Stora Enso's 1Q 2020 sales decreased by 16.2%, or Euro 428 million, from last year's record high 1Q level to Euro 2 207 million. Operational EBIT decreased by 46%, or Euro 155 million, from the previous year to Euro 180 million. The operational EBIT margin decreased to 8.1%.

Packaging

Stora Enso's sales decreased by 16.2% in 1Q

Stora Enso's 1Q 2020 sales decreased by 16.2%, or Euro 428 million, from last year's record high 1Q level to Euro 2 207 million. Sales prices continued to decline especially in pulp, containerboard, sawn goods and paper. The accelerated structural decline in demand led to clearly lower paper deliveries. Volumes were lower in general, due to the Finnish union strikes. There was a positive impact from currency rates.

Operational EBIT decreased by 46%, or Euro 155 million, from the previous year to Euro 180 million. The operational EBIT margin decreased to 8.1%. The negative effect of the Finnish union strikes in January and February was approximately Euro 25 million.

Operating profit (IFRS) was Euro 262 million. There was a positive impact of Euro 94 million from fair valuations and non-operational items, mainly from increases in forest valuations.

Stora Enso’s President and CEO Annica Bresky said: “The 1Q of the year has been marked by challenging harvesting conditions, strikes in Finland and the start of the Covid-19 pandemic.
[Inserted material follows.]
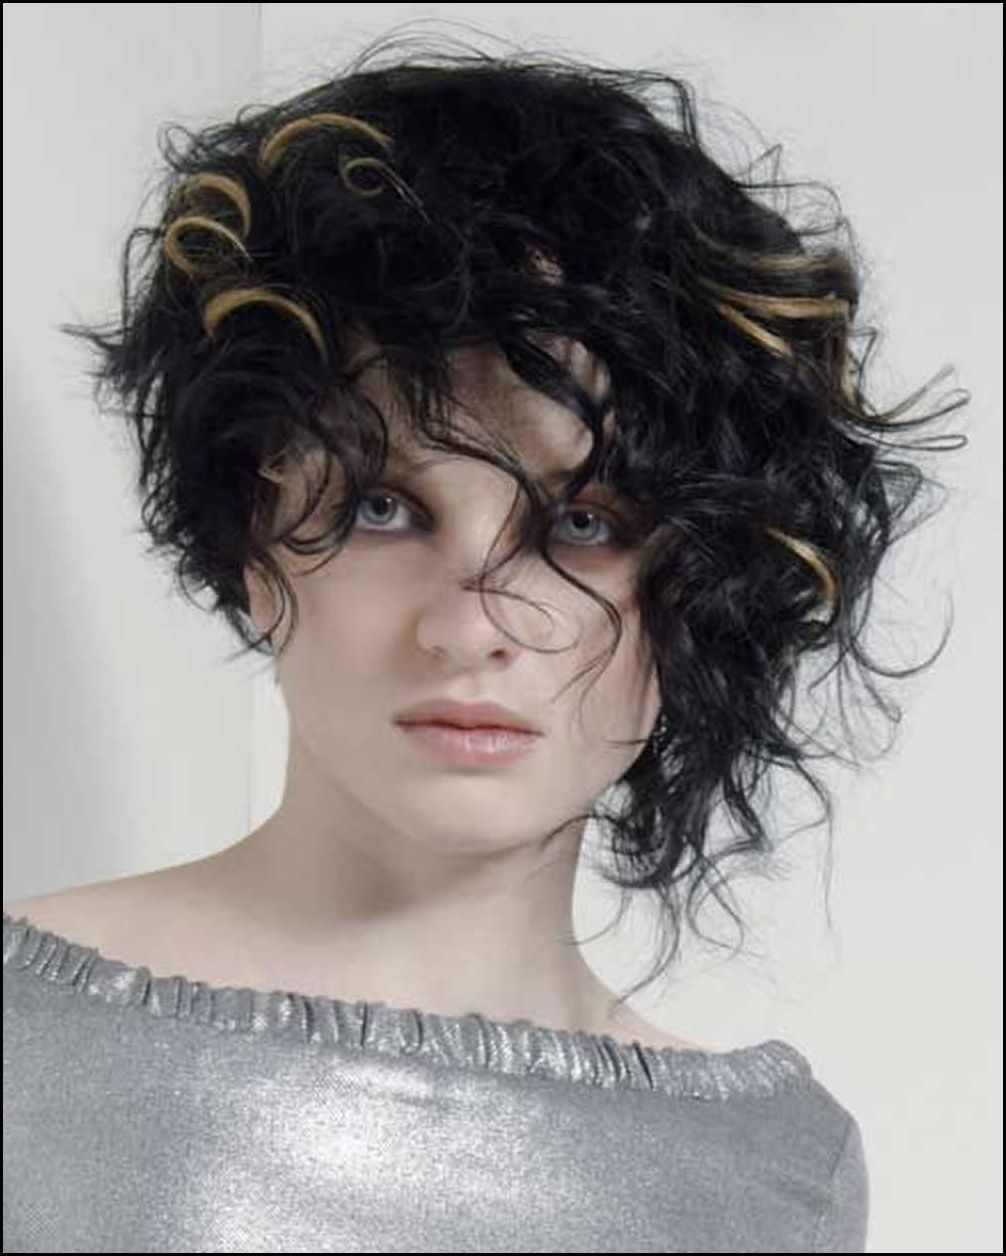 Asymmetrische Bob Haarschnitt Für Feines Haar 2018 2019 Curly Girl

Lower prices and volumes during the quarter had a negative impact on sales and operational EBIT, compared to the record levels in the 1Q of last year. Under these conditions, “a new normal” where historical references are no longer valid, I am satisfied with our performance for the quarter. We delivered a result of Euro 180 million, in the upper end of our guidance range.
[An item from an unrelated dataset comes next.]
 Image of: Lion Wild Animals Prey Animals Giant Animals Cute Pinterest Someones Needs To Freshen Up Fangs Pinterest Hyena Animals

“We were out early with actions related to Covid-19, including a global travel ban, social distancing and appointed work streams to keep business momentum. So far, our operations have been running normally on a global level. We have built a strong liquidity position amounting to Euro 1.4 billion, for a potentially longer and deeper recession. We have actions in place to enhance our cash flow going forward by active working capital management and cost savings. Our profit protection programme is delivering ahead of plan and we have increased our savings target to Euro 350 million (earlier Euro 275 million) by the end of 2021. During this 1Q 2020, we achieved cost savings amounting to Euro 40 million, including one-time cost savings. In regards to managing a potential demand decrease, we have started preparations for potential temporary layoffs or shorter working time if and when needed.”

Stora Enso is a leading global provider of renewable solutions in packaging, biomaterials, wooden constructions and paper.